With a running time of more than four hours (60-plus tracks across three discs that are accompanied by a heavily illustrated and annotated booklet), Dust on the Nettles may engender the occasional sting of bemused disappointment, but it definitely delivers an overview of that moment in the 1960s when the traditional was being usurped by the countercultural.

Of course, such things happen all the time in art; something that has been standard for decades gets skewed by a different kind of logic, and traditionalists fume at the upstarts that dare to (as they see it) dilute or pollute.

Via an exhaustive trawl through the archives, Dust on the Nettles provides reasons for the demise of old-style folk clubs and the emergence of new folk pioneers: the drug-using experimentalists, the nascent singer-songwriter movement, the fusion of folk forms with rock music, and – rarely touched upon – the influence of religion, from paganism to Christianity.

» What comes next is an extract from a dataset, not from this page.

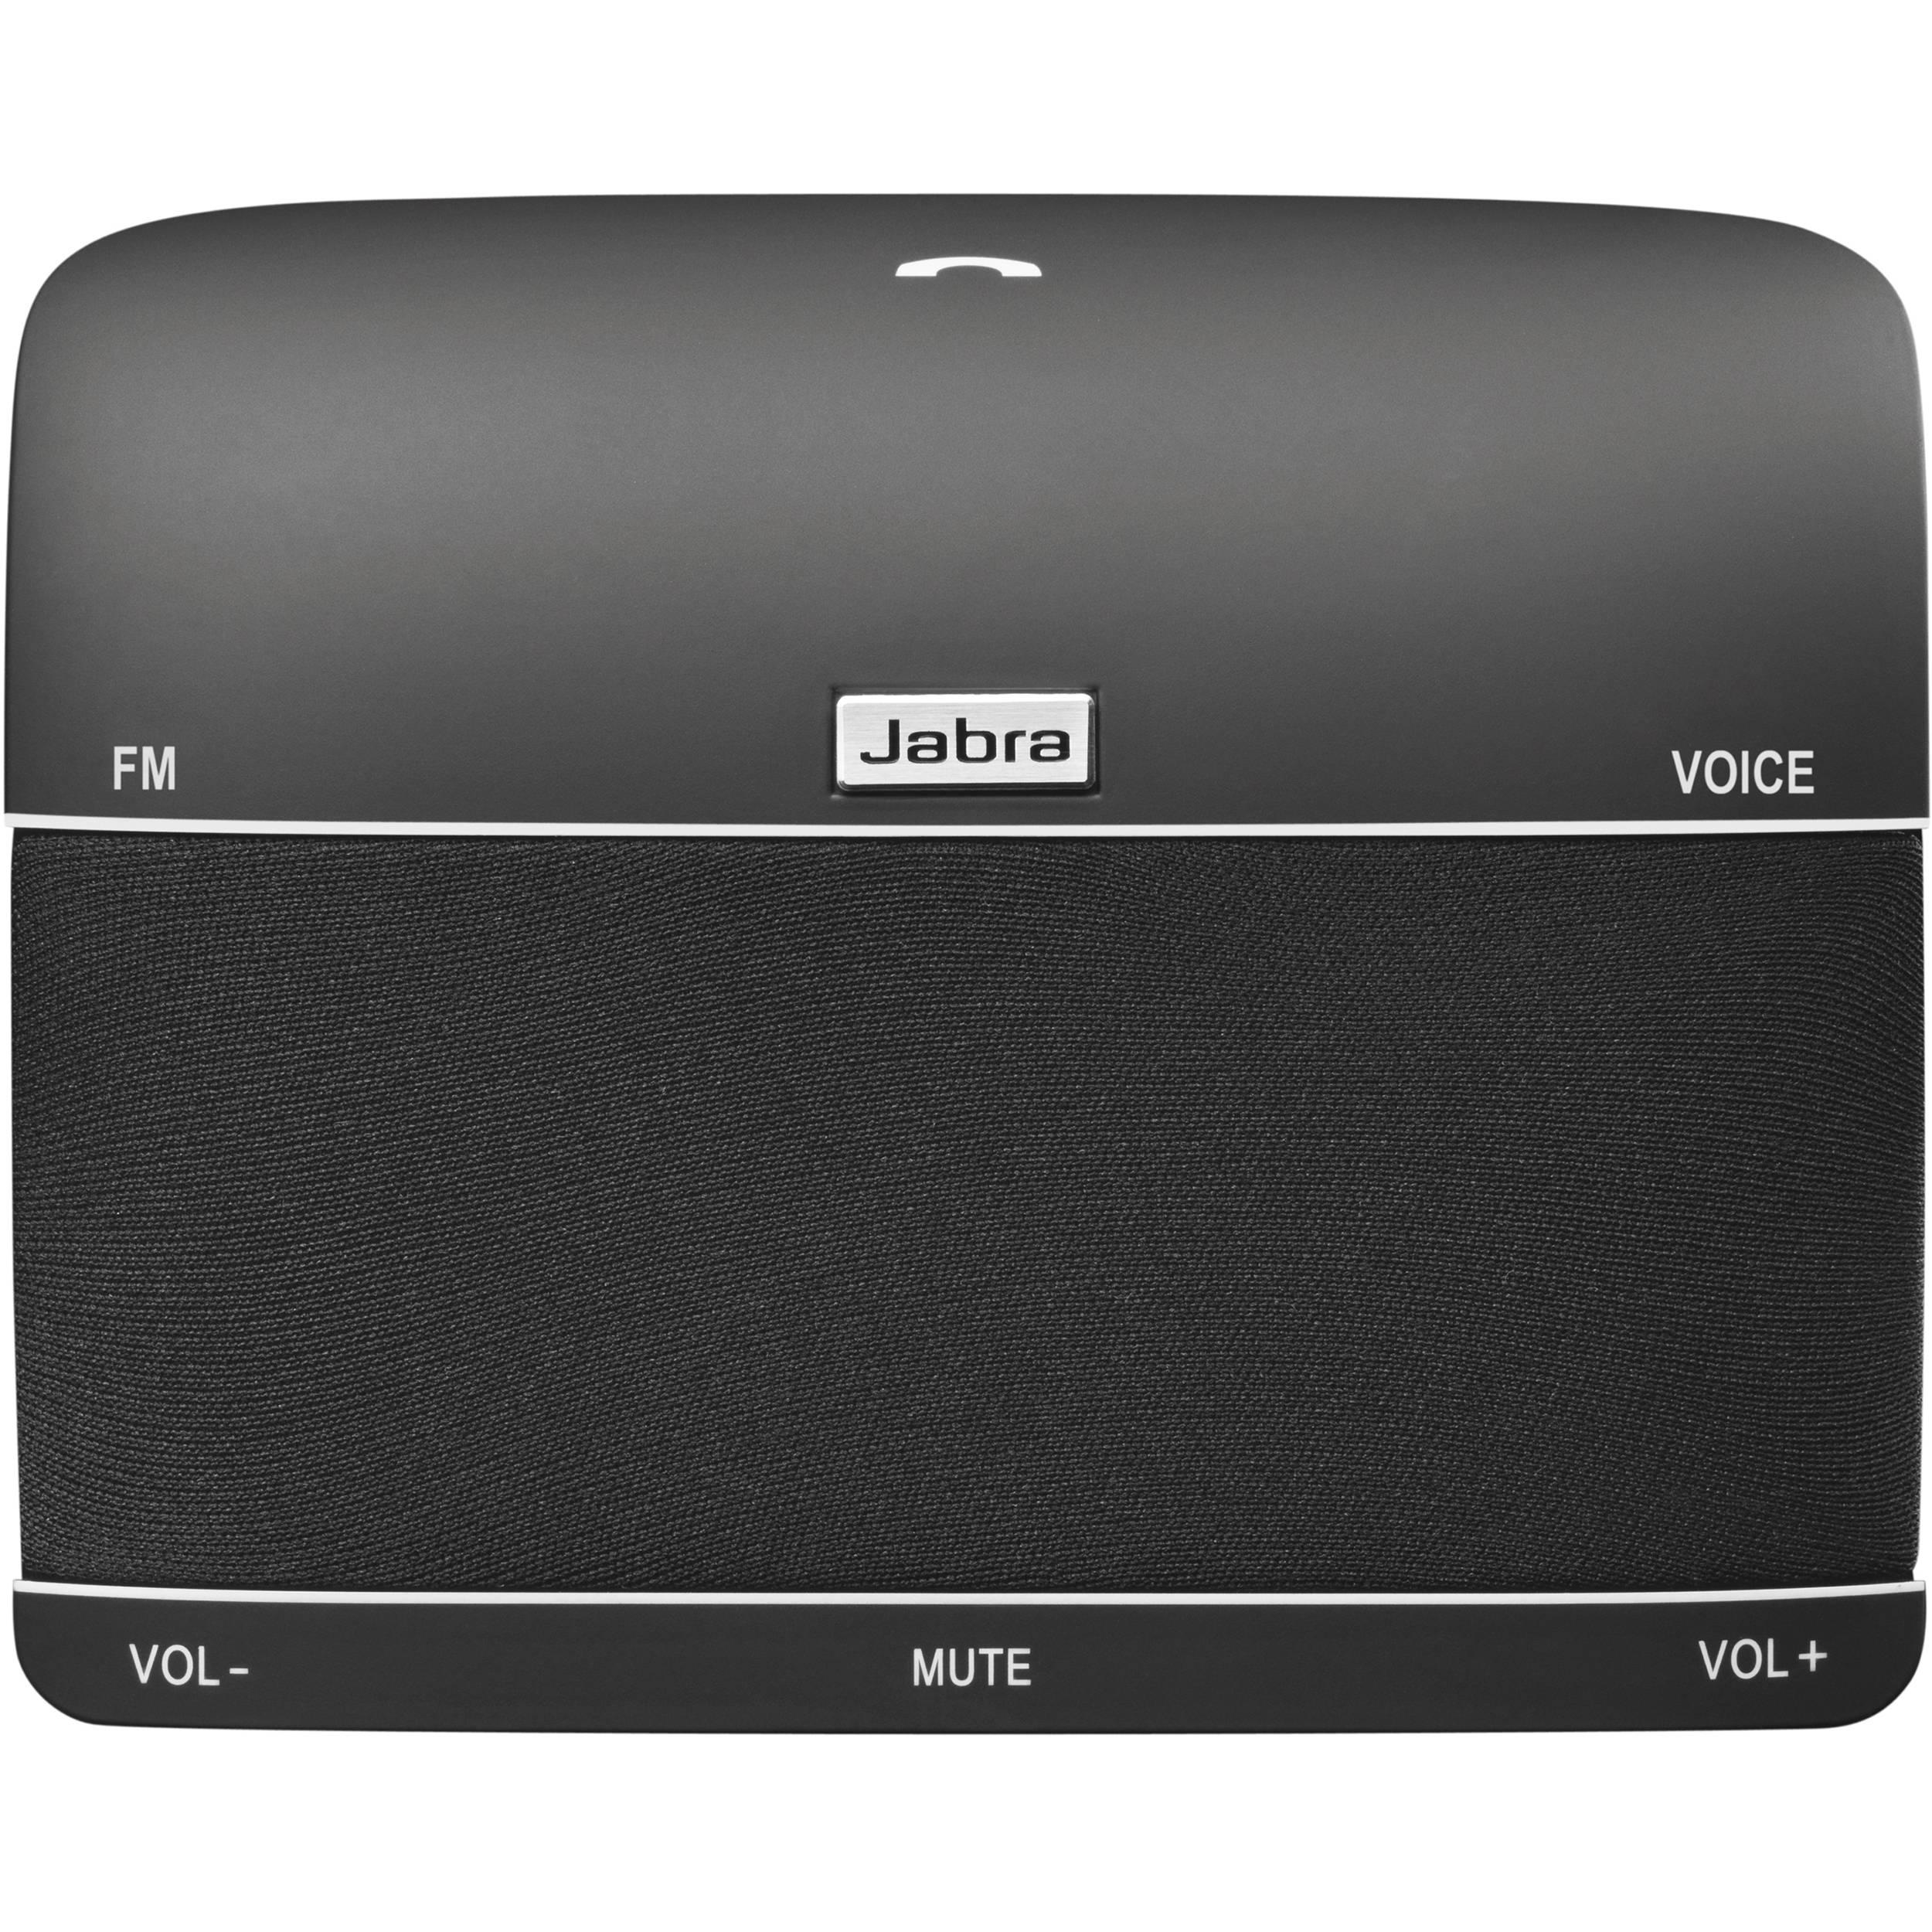 Rbt Technology Unveils Jabra Motion Nfc Supporting: Jabra Freeway Bluetooth Speakerphone 100-46000000-02 B&H Photo
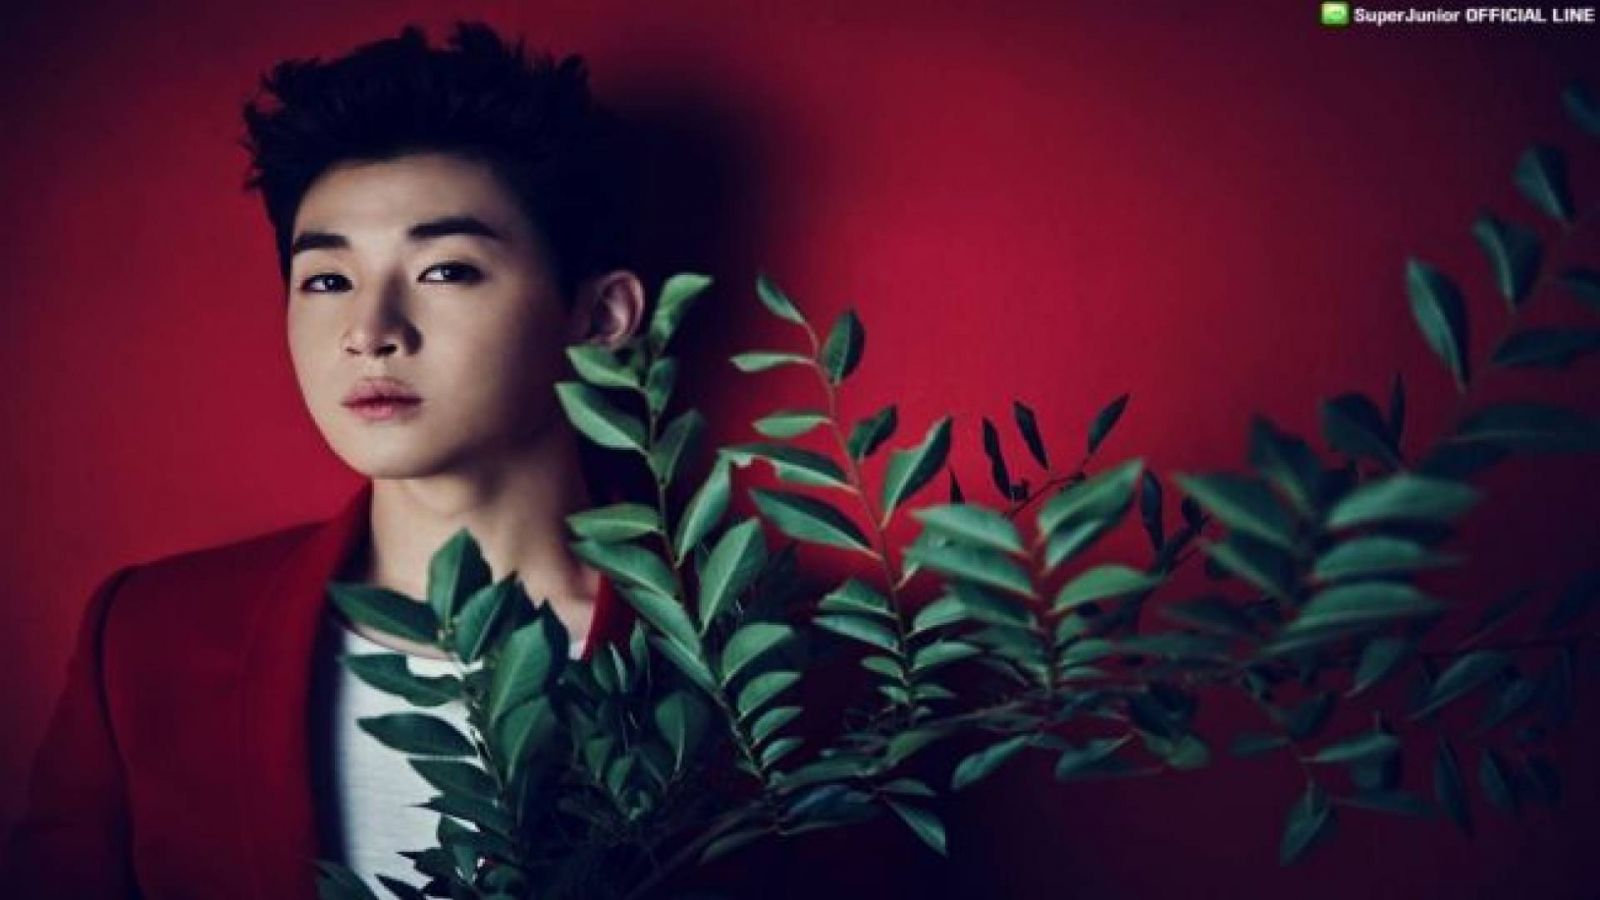 Henry apresenta seu segundo mini-álbum, Fantastic © Super Junior OFFICIAL LINE

Familiar names are here (Steeleye Span, Pentangle, Fairport Convention – Simon Nicol and Dave Pegg, right – Incredible String Band, Joan Armatrading, Tyrannosaurus Rex – soon to morph into glam pop sensations, T Rex), along with names that were once known, then forgotten, and are now on the lips of freak-folk afficionados (Vashti Bunyan, Bill Fay, Anne Briggs, Kevin Coyne, Comus). Still others made music, disappeared, and were never heard of again (anyone recall Chrissie Quayle, Oberon, Folkal Point, or Fresh Maggots?).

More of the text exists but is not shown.